**WHAT YOU WILL DO**
Transcribe the listing below verbatim, omitting pictures.

**DATA SECTION**

◆ ◆ ◆ ◆ ◆ ◆ ◆

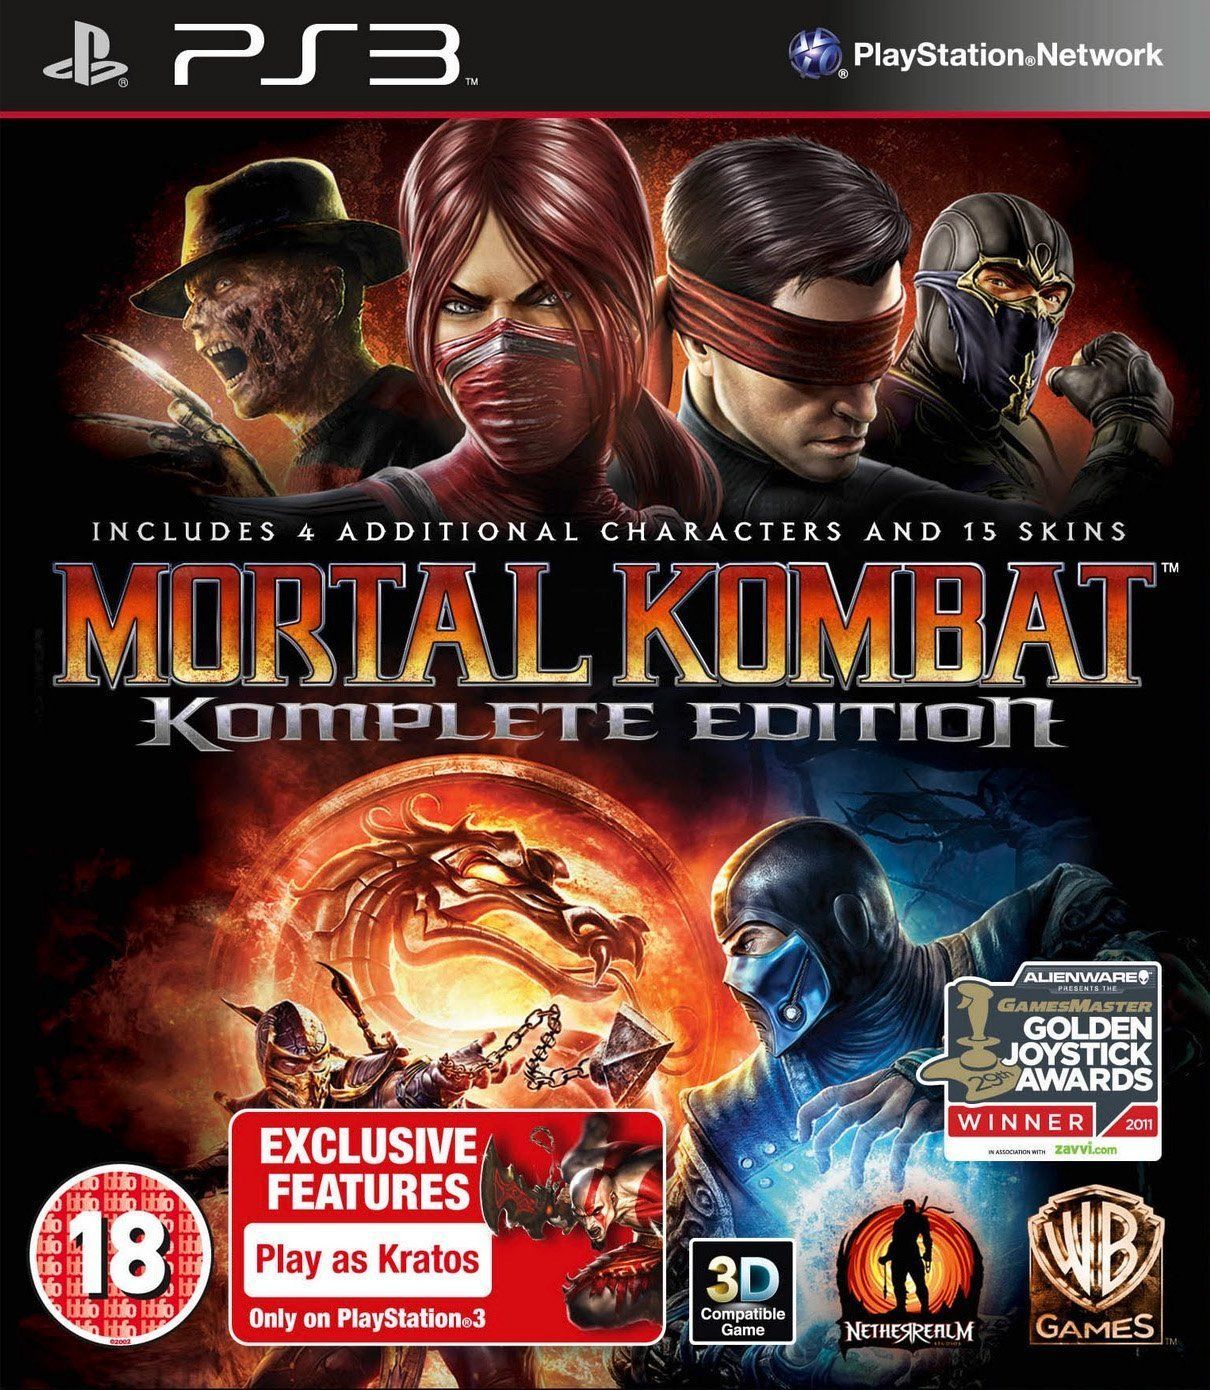 wrijving Zonsverduistering stromen Mortal Kombat: Komplete Edition (2011)(PS3)(Pwned) | Buy from Pwned Games  with confidence. | PS3 Games [Pwned]
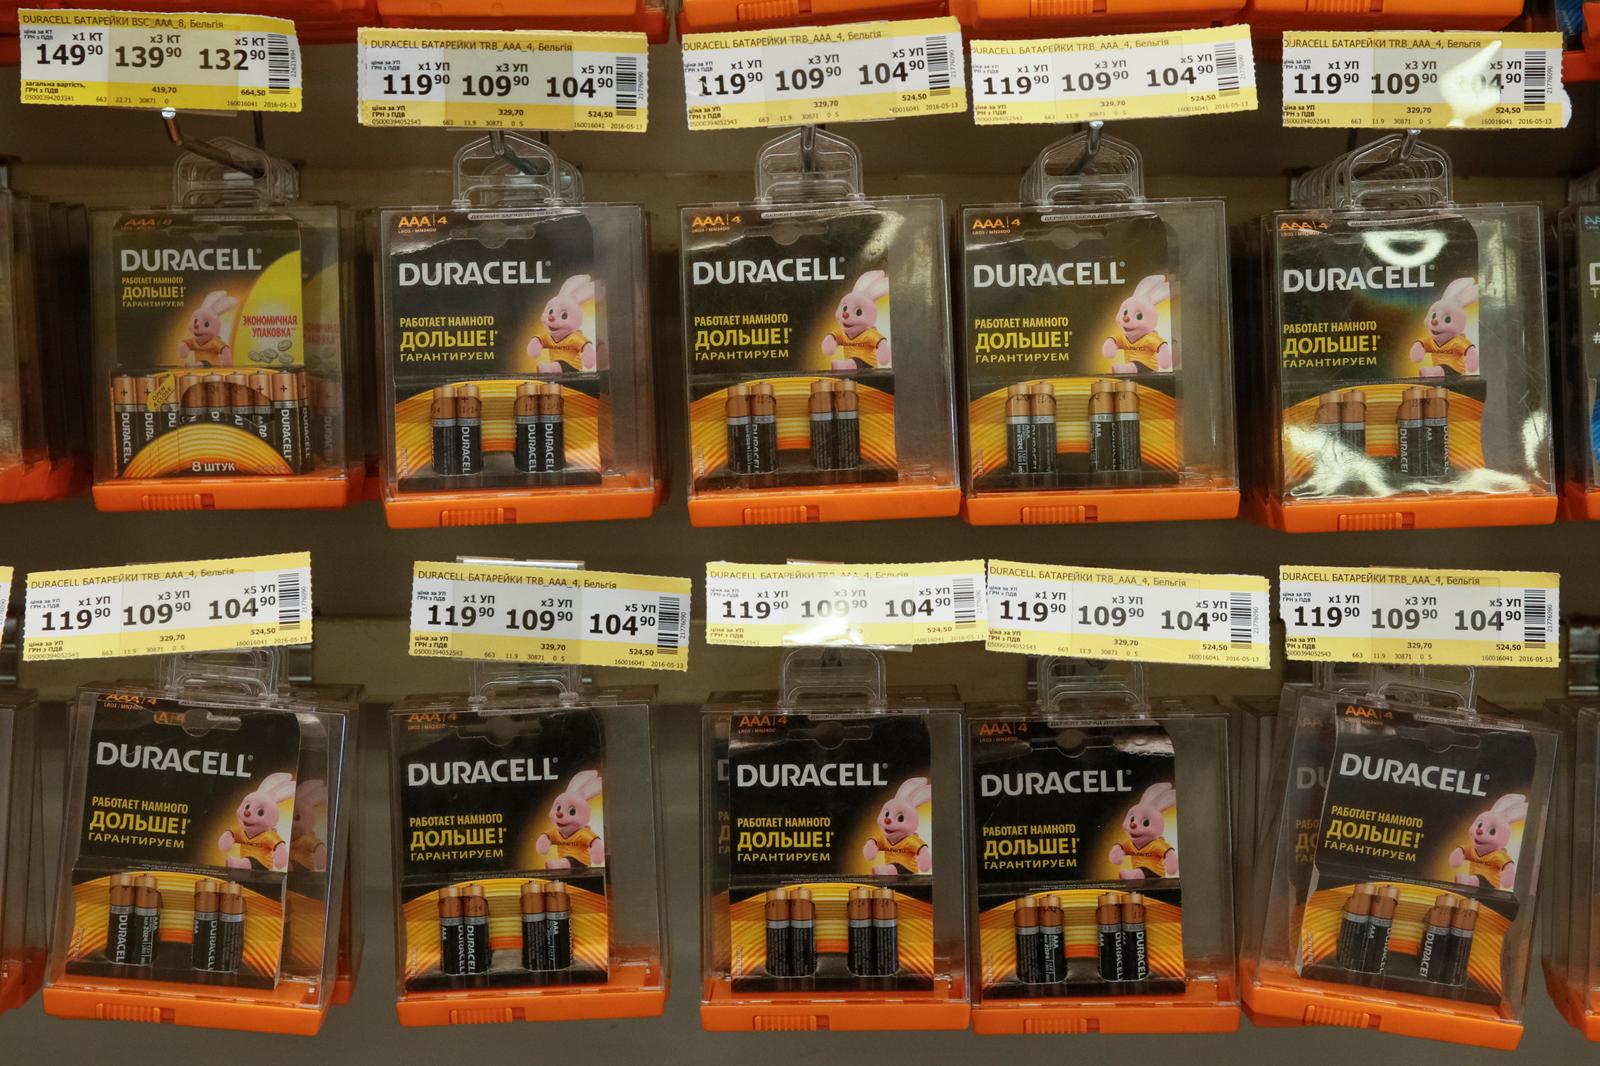 Duracell, Energizer end lawsuits over battery life claims
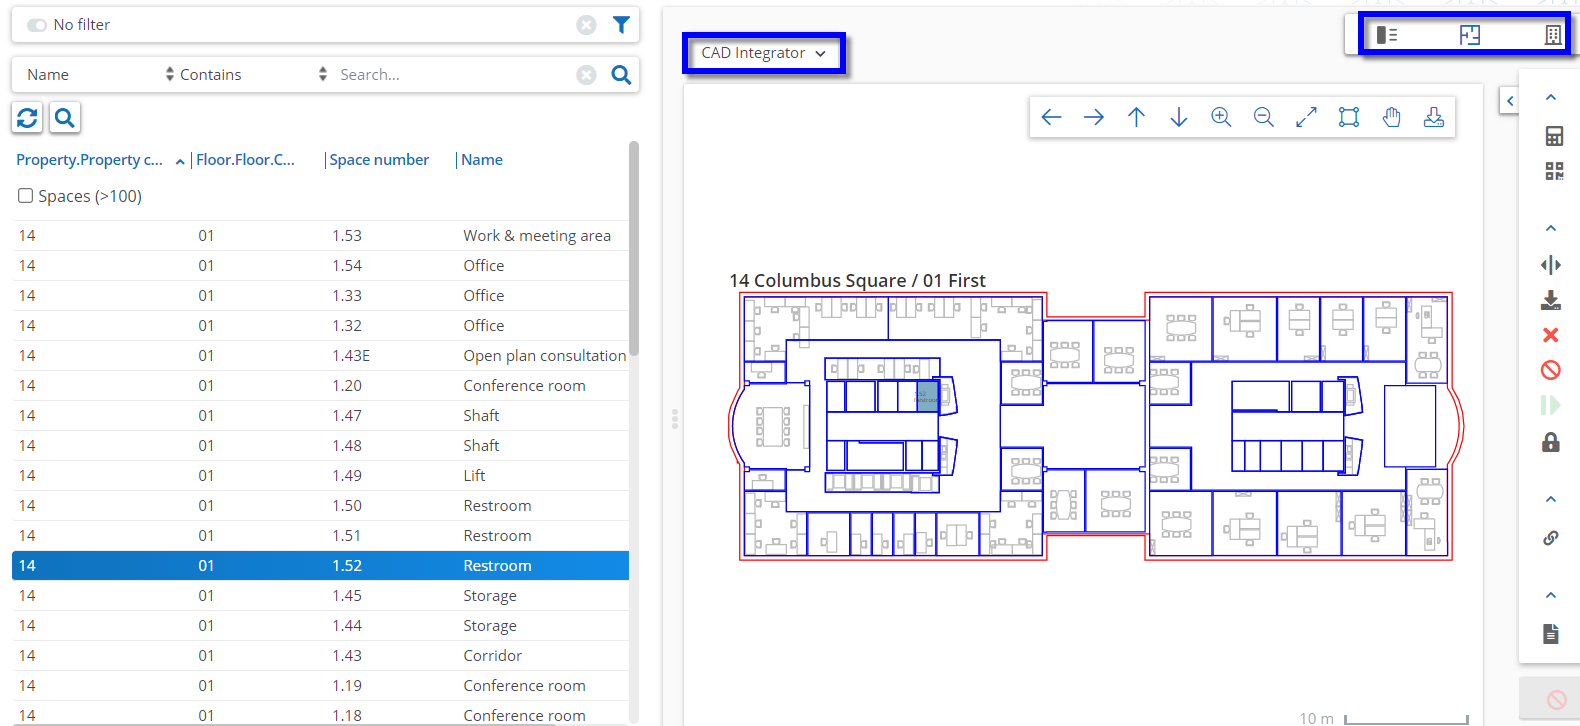 Screen capture showing the CAD Integrator view of the selected property
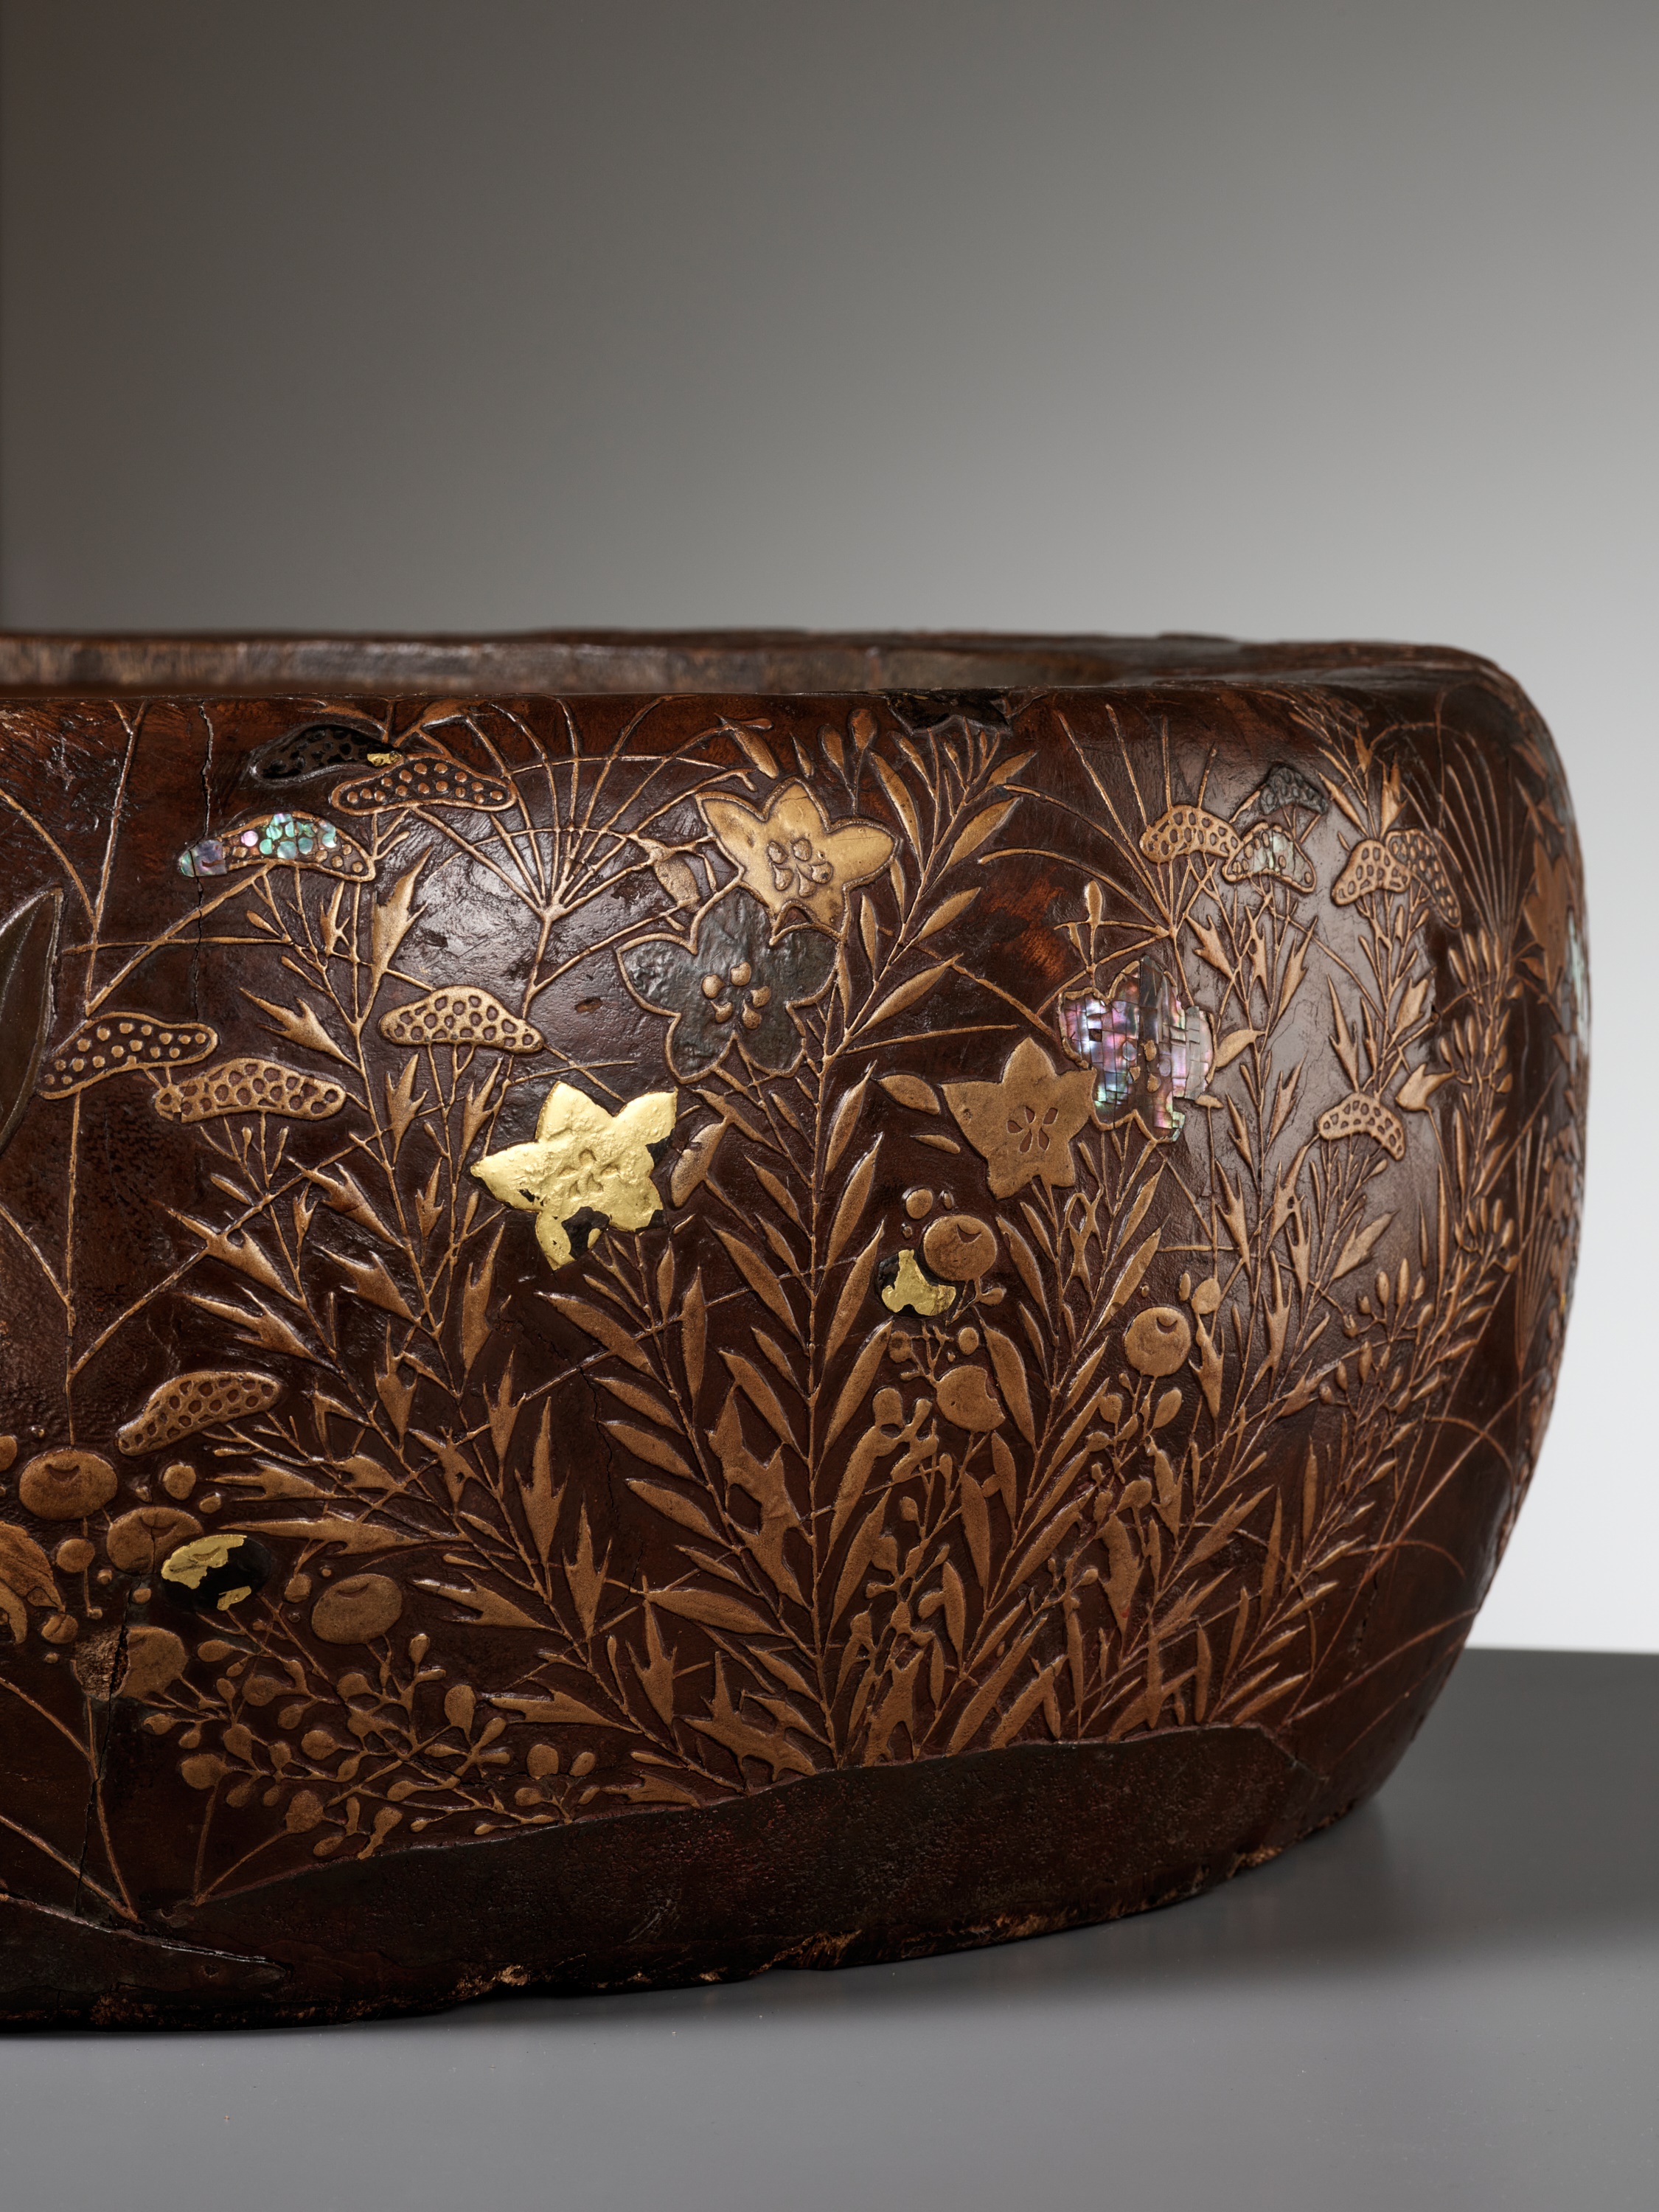 A LARGE RIMPA STYLE LACQUERED AND INLAID PAULOWNIA WOOD HIBACHI (BRAZIER) WITH LUNAR HARES - Image 3 of 14

◆ ◆ ◆ ◆ ◆ ◆ ◆

**COMPLETED TASK**
 wrijving Zonsverduistering stromen Mortal Kombat: Komplete Edition (2011)(PS3)(Pwned) | Buy from Pwned Games  with confidence. | PS3 Games [Pwned]
 Duracell, Energizer end lawsuits over battery life claims
 Screen capture showing the CAD Integrator view of the selected property
 A LARGE RIMPA STYLE LACQUERED AND INLAID PAULOWNIA WOOD HIBACHI (BRAZIER) WITH LUNAR HARES - Image 3 of 14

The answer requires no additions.